River shook her head, and her shoulders shook, silently laughing. "No. Not necessarily." She brushed at her eyes, still grinning like mad, a fierce, wolfish smile, savage with satisfaction. "Sorry. The Doctor's people no longer exist. I was a bit of an experiment. Even the Doctor isn't sure how Time Lord I am."

"So, regenerating made you change your mind," the Companion said.

"No. I killed him after I regenerated. Then we went our separate ways for a bit," she said thoughtfully. "It takes a while to settle into a new body."

"So why _did _you save him?"

The woman turned to look at her, electric blue eyes, wild hair, a world of anger, and proud, gleeful defiance in that gaze, "I had been conditioned to murder a monster.

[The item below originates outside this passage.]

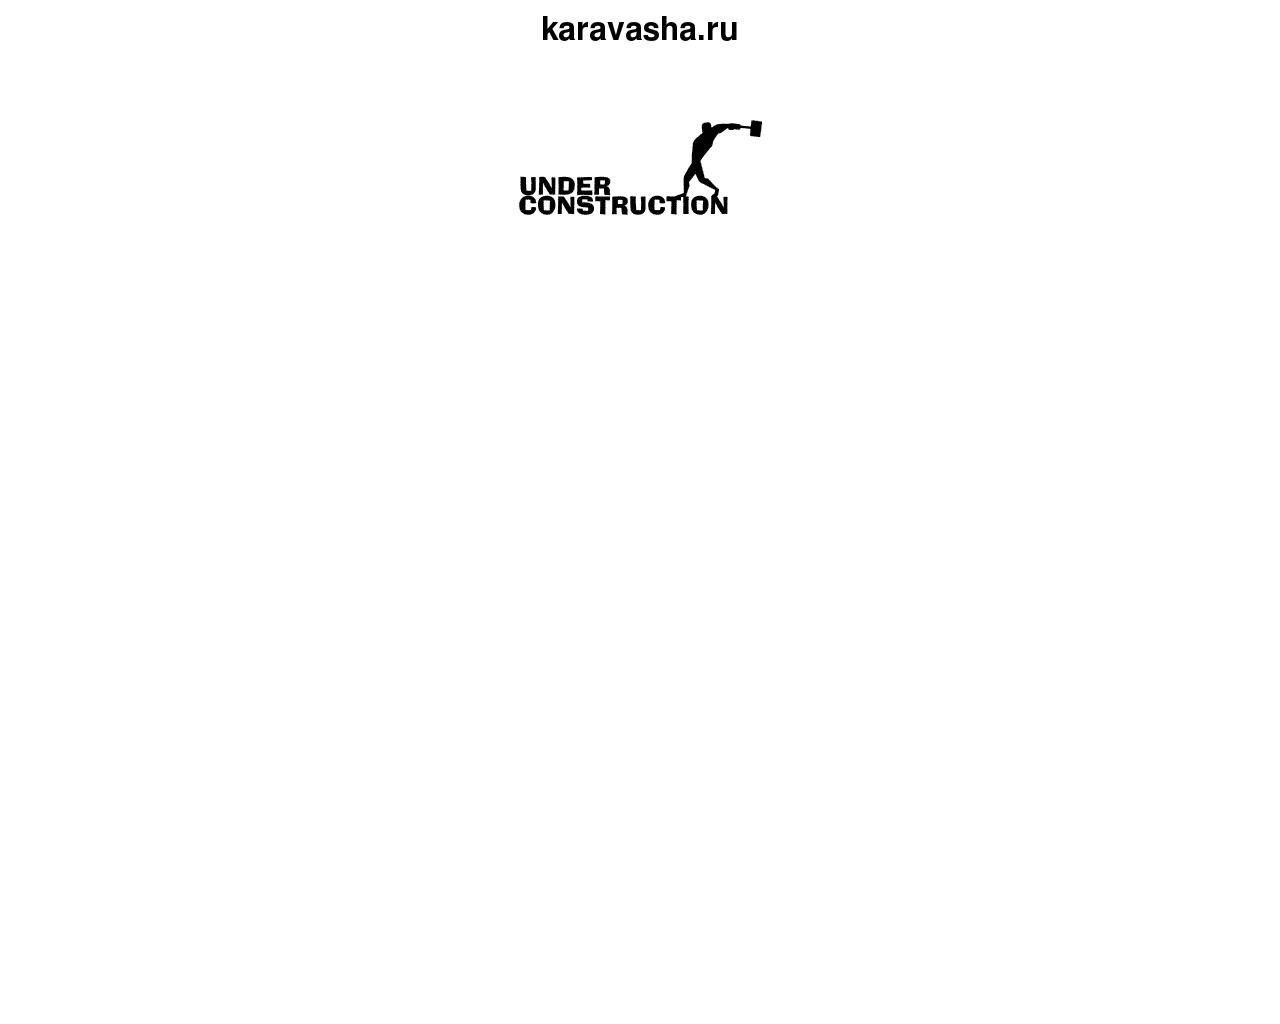 Изображение сайта karavasha.ru в разрешении 1280x1024

A slayer of innocents. A destroyer of worlds." She rolled the words out as if she was reciting a fairy tale.

"Not to kill a sweet man who was begging for the lives of his friends.

"A man who spoke me no ill word. Who trusted me at his back. Who defended me, even while dying.

"A man who spoke my name when he needed comfort, who called out to me as his source of help.

"Who believed in the good in me, even when I knew there was none."

"Yet after all you'd been through, that was enough to give up your whole life for him?"

"Who said I gave up my life?" she cocked her head, and blinked at me, rather like an eagle. She smiled. A full blown, beautiful smile of joy. Serene.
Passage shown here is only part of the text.